Given a singly linked list where elements are sorted in ascending order, convert it to a height balanced BST.

Thoughts:

This is similar to the Sorted Array version of the problem.

It’s easier for sorted array because we could always easily find the mid element.

But for a sorted list, we cannot visit element randomly, can only visit in order.

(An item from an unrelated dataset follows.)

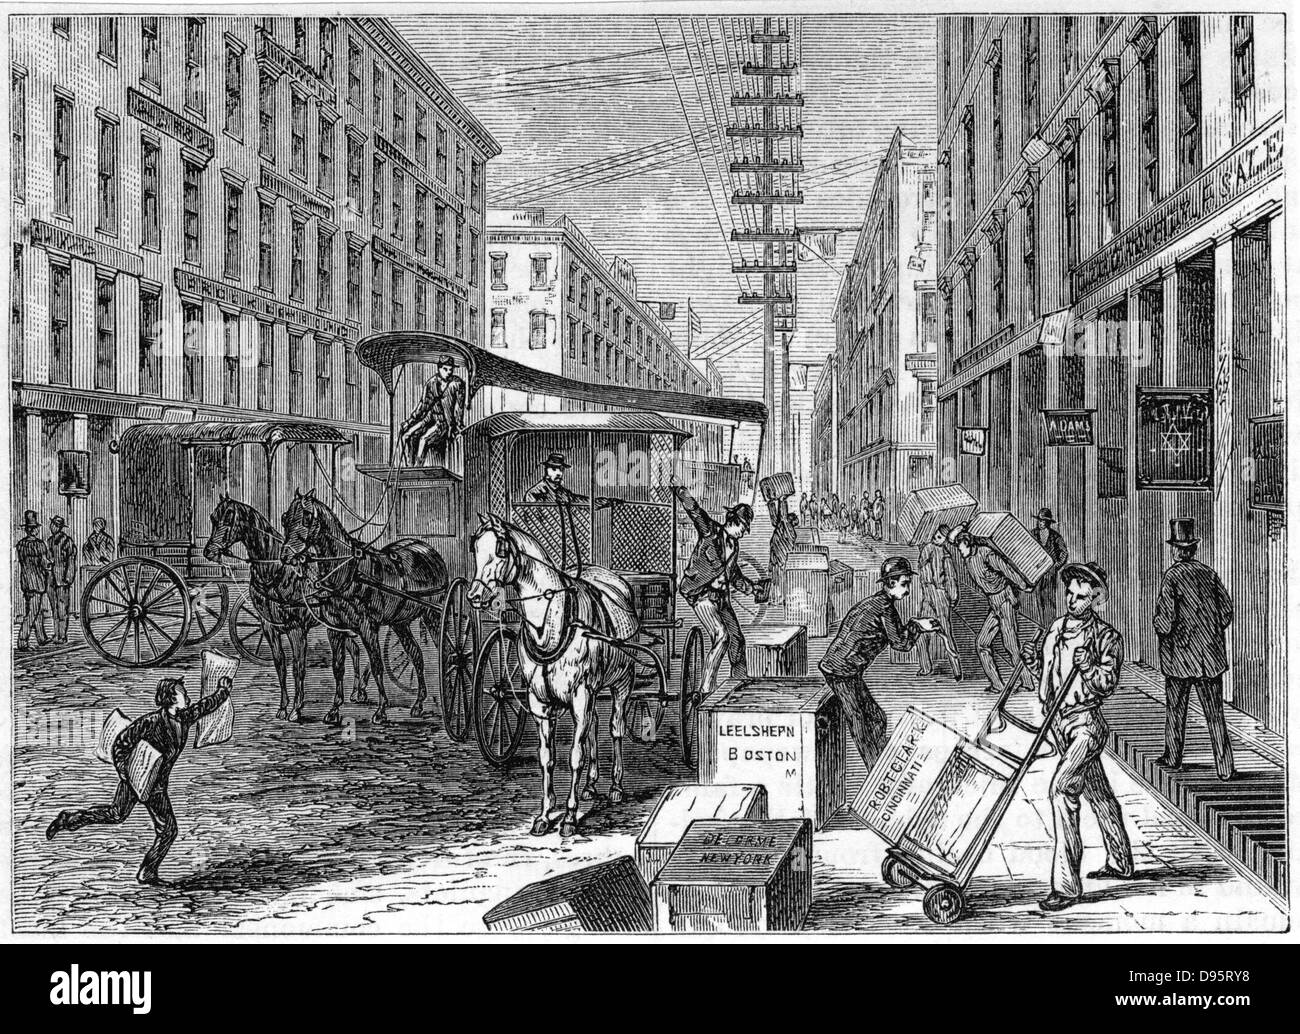 Entregas y recogidas tomando lugar en Wells Fargo depot, Nueva York. Desde 'Harper's New Monthly Magazine' Nueva York 1875. Grabado en madera Foto de stock
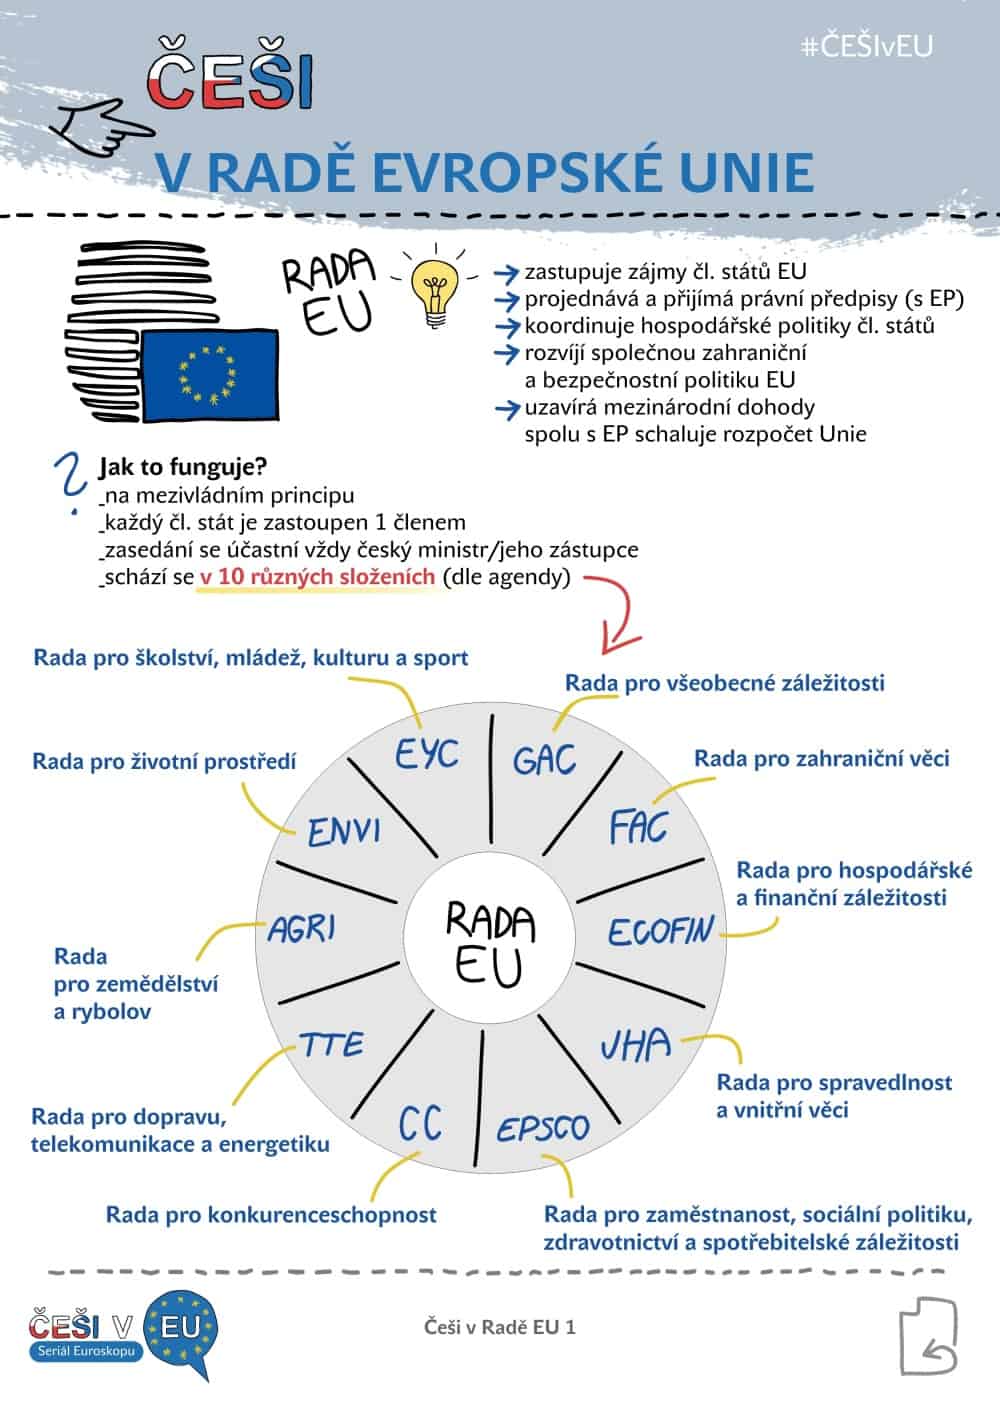 Češi v EU 2, infografika: Kristina Kvapilová 2018

So here in order to make code clean and easy, we are pretending we could get the mid element.

Solutions:

/**
 * Definition for singly-linked list.
 * public class ListNode {
 *     int val;
 *     ListNode next;
 *     ListNode(int x) { val = x; }
 * }
 */
/**
 * Definition for a binary tree node.
 * public class TreeNode {
 *     int val;
 *     TreeNode left;
 *     TreeNode right;
 *     TreeNode(int x) { val = x; }
 * }
 */
public class Solution {
    public TreeNode sortedListToBST(ListNode head) {
        ListNode p = new ListNode(-1);
        p.next = head;
        int count = 0;
        ListNode node = head;
        while (node!=null) {
            count ++;
            node = node.next;
        }
        return gt(p, 0, count - 1);
    }
    private TreeNode gt(ListNode p, int start, int end){
        if (start > end) {
            return null;
        }
        int mid = (start + end) / 2;
        TreeNode left = gt(p, start, mid - 1);
        TreeNode root = new TreeNode(p.next.val);
        p.next = p.next.next;
        TreeNode right = gt(p, mid + 1, end);
        root.left = left;
        root.right = right;
        return root;
    }
}